At the same time, we feel it is in the public interest to call attention to the fact that eminent doctors and research scientists have publicly questioned the claimed significance of these experiments.

Distinguished authorities point out:

1. That medical research of recent years indicates many possible causes of lung cancer.
2. That there is no agreement among the authorities regarding what the cause is.
3. That there is no proof that cigarette smoking is one of the causes.
4. That statistics purporting to link cigarette smoking with the disease could apply with equal force to any one of many other aspects of modern life. Indeed the validity of the statistics themselves is questioned by numerous scientists.

We accept an interest in people's heath as a basic responsibility, paramount to every other consideration in our business.

We believe the products we make are not injurious to health.

We always have and always will cooperate closely with those whose task it is to safeguard the public health. For more than 300 years tobacco has given solace, relaxation, and enjoyment to mankind. At one time or another during those years critics have held it responsible for practically every disease of the human body. One by one these charges have been abandoned for lack of evidence.

Regardless of the record of the past, the fact that cigarette smoking today should even be suspected as a cause of a serious disease is a matter of deep concern to us.

Many people have asked us what we are doing to meet the public's concern aroused by the recent reports. Here is the answer:

1. We are pledging aid and assistance to the research effort into all phases of tobacco use and health. This joint financial aid will of course be in addition to what is already being contributed by individual companies.

2. For this purpose we are establishing a joint industry group consisting initially of the undersigned. This group will be known as TOBACCO INDUSTRY RESEARCH COMMITTEE.

3. In charge of the research activities of the Committee will be a scientist of unimpeachable integrity and national repute. In addition there will be an Advisory Board of scientists disinterested in the cigarette industry. A group of distinguished men from medicine, science, and education will be invited to serve on this Board. These scientists will advise the Committee on its research activities.
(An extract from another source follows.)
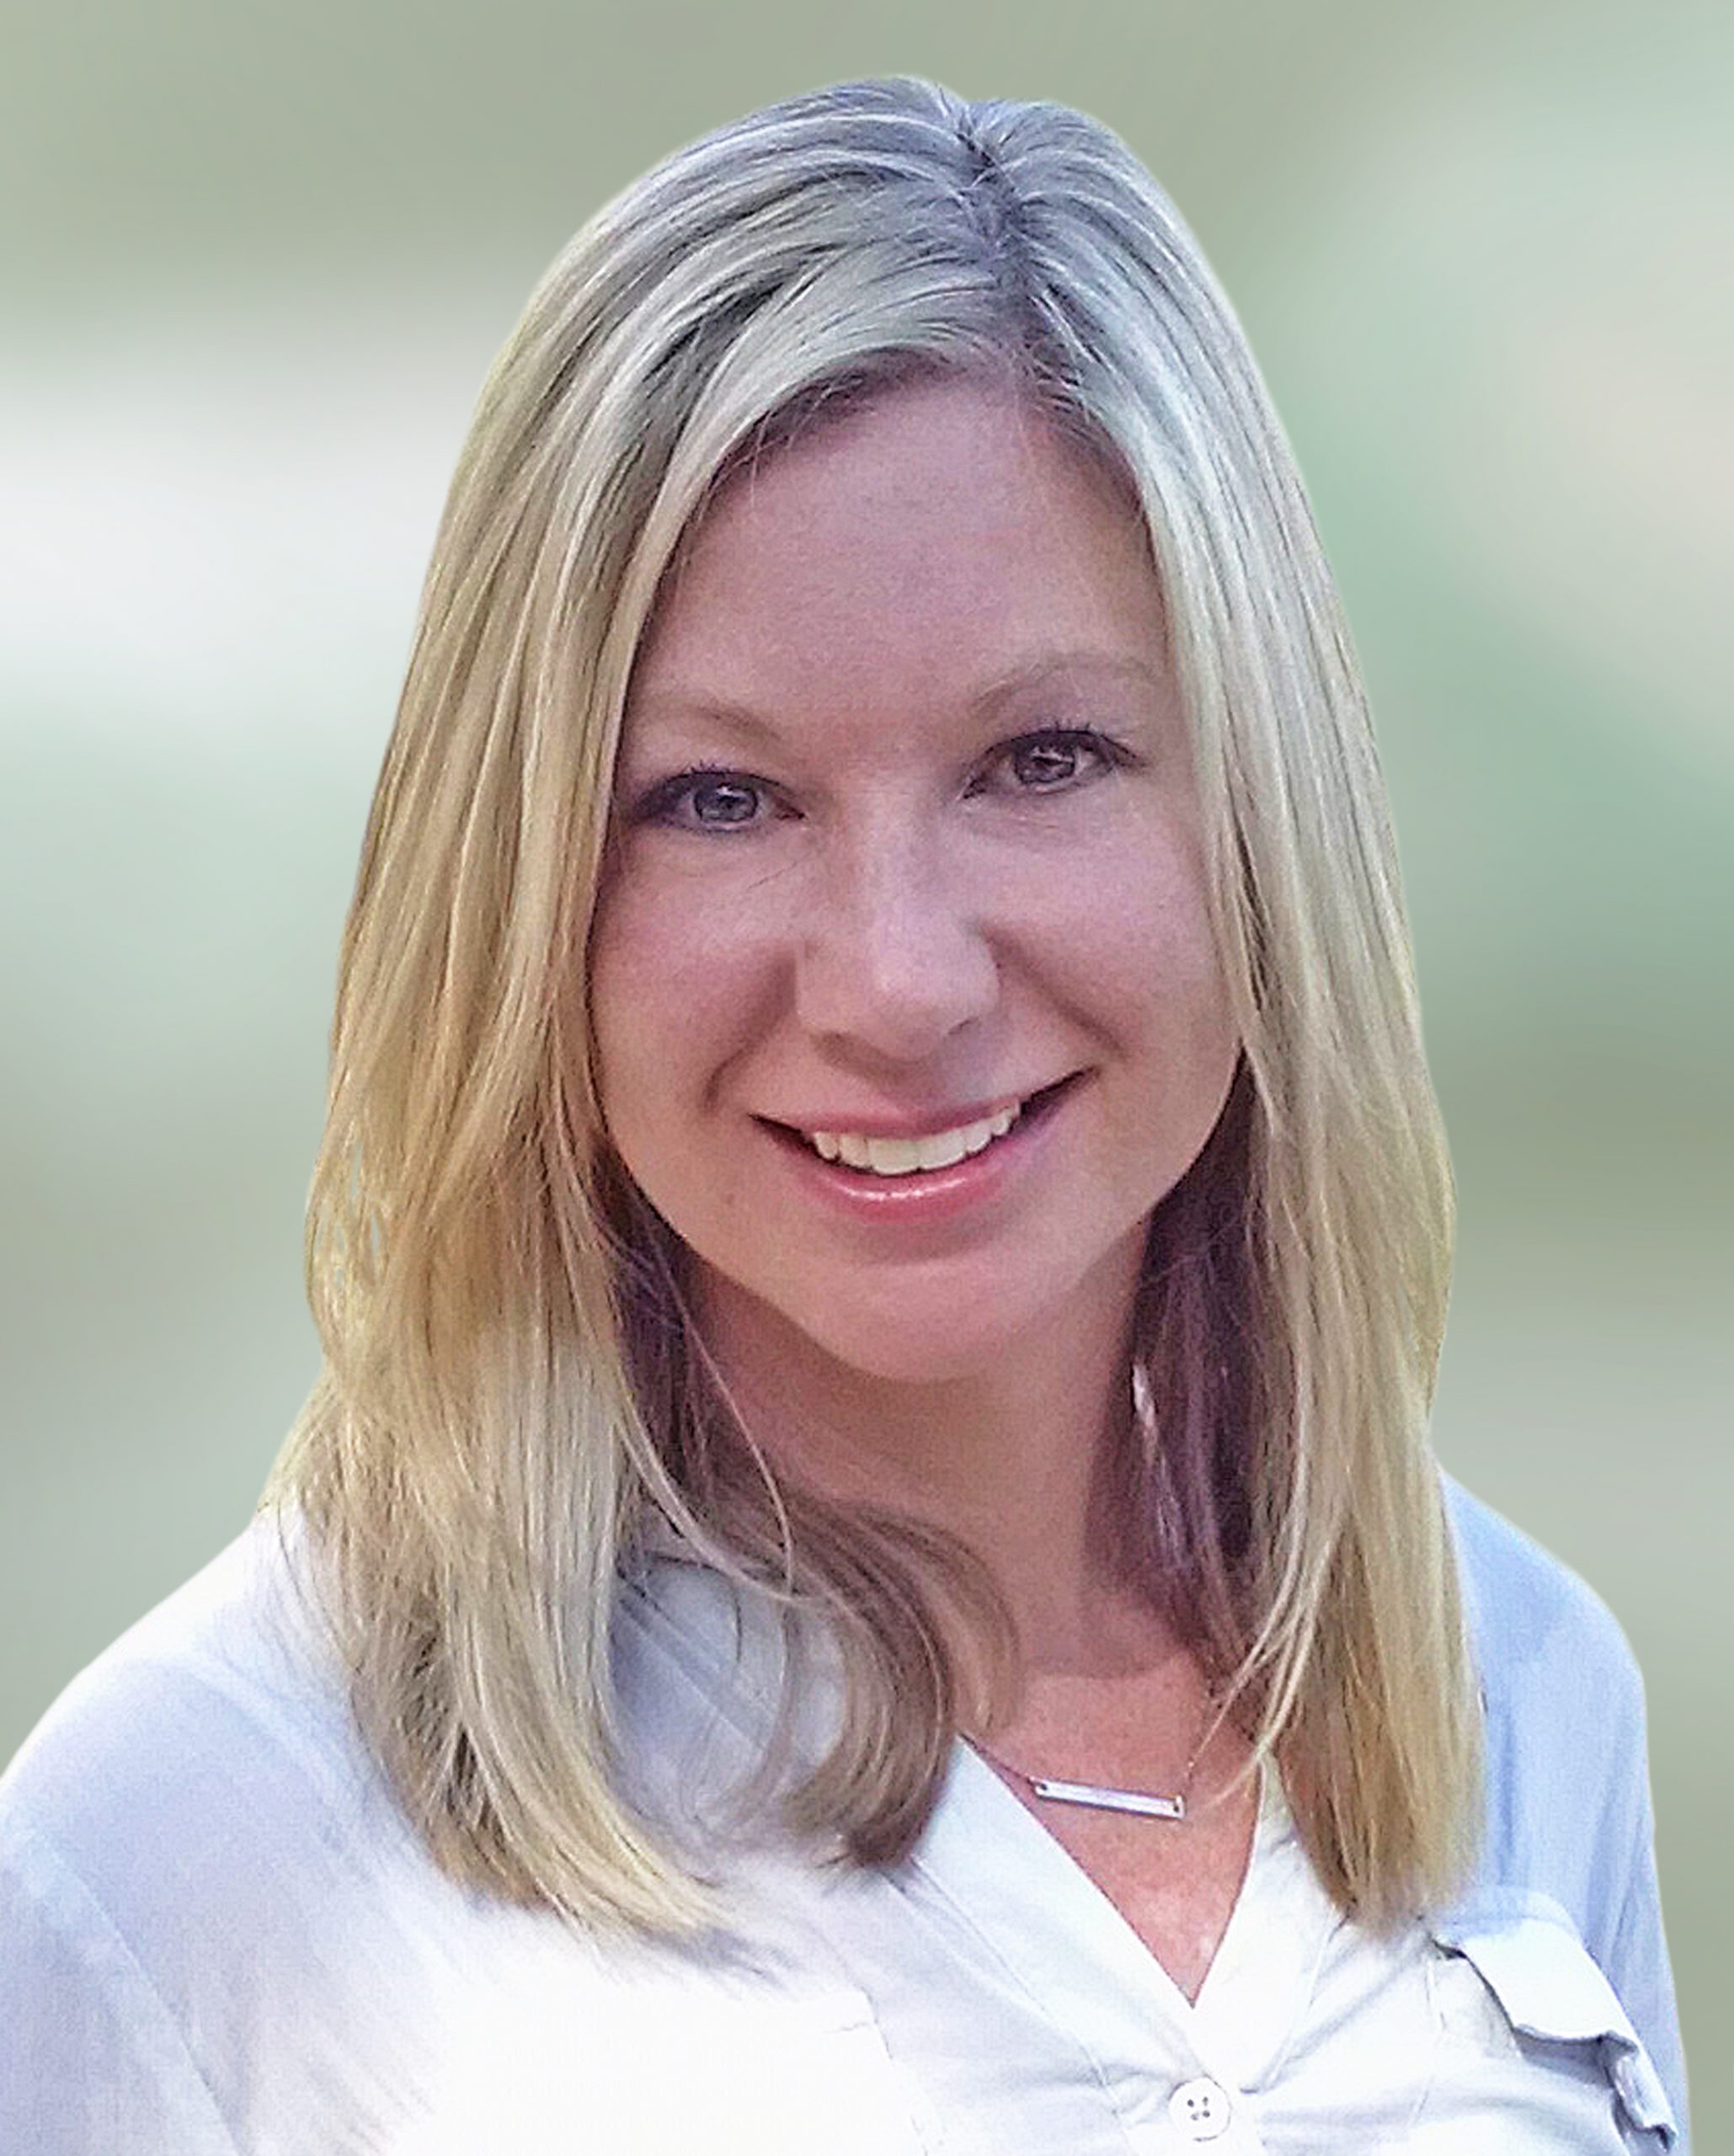 Kelly Campbell, Senior Director of Marketing, Uplift, Inc.

This statement is being issued because we believe the people are entitled to know where we stand on this matter and what we intend to do about it."


Doctors' involvement in the tobacco deception

The statement -- signed by presidents of major tobacco interests including Phillip Morris, Brown & Williamson, and R.J. Reynolds -- was designed to launch the "controversy" which I mentioned earlier. In fact, there was no controversy. The research results were clear: smoking had been proven harmful -- not just to mice, but to people who had for years been advised that smoking offered health benefits.

The TIRC promised to convene "a group of distinguished men from medicine, science, and education" and it did so. Early members of the TIRC's Scientific Advisory Board (SAB) included: McKeen Cattell, PhD, MD, professor of pharmacology from Cornell University Medical College; Julius H. Comroe, Jr., MD, director of the University of California Medical Center's cardiovascular research institute and chairman of University of Pennsylvania Graduate School of Medicine; and Edwin B. Wilson, PhD, LLD, professor of vital statistics, Harvard University.

According to the New York State Archives, the TIRC's functions "included both the funding of research and carrying out public relations activities relating to tobacco and health." Faced with mounting evidence that smoking was harmful, "it became evident that this was not a short-term endeavor, and that it was difficult to manage both scientific research and public relations in one organization. As a result the Tobacco Institute was formed to assume the public relations functions, and the Council for Tobacco Research (CTR) was formed and incorporated to provide funding for scientific research."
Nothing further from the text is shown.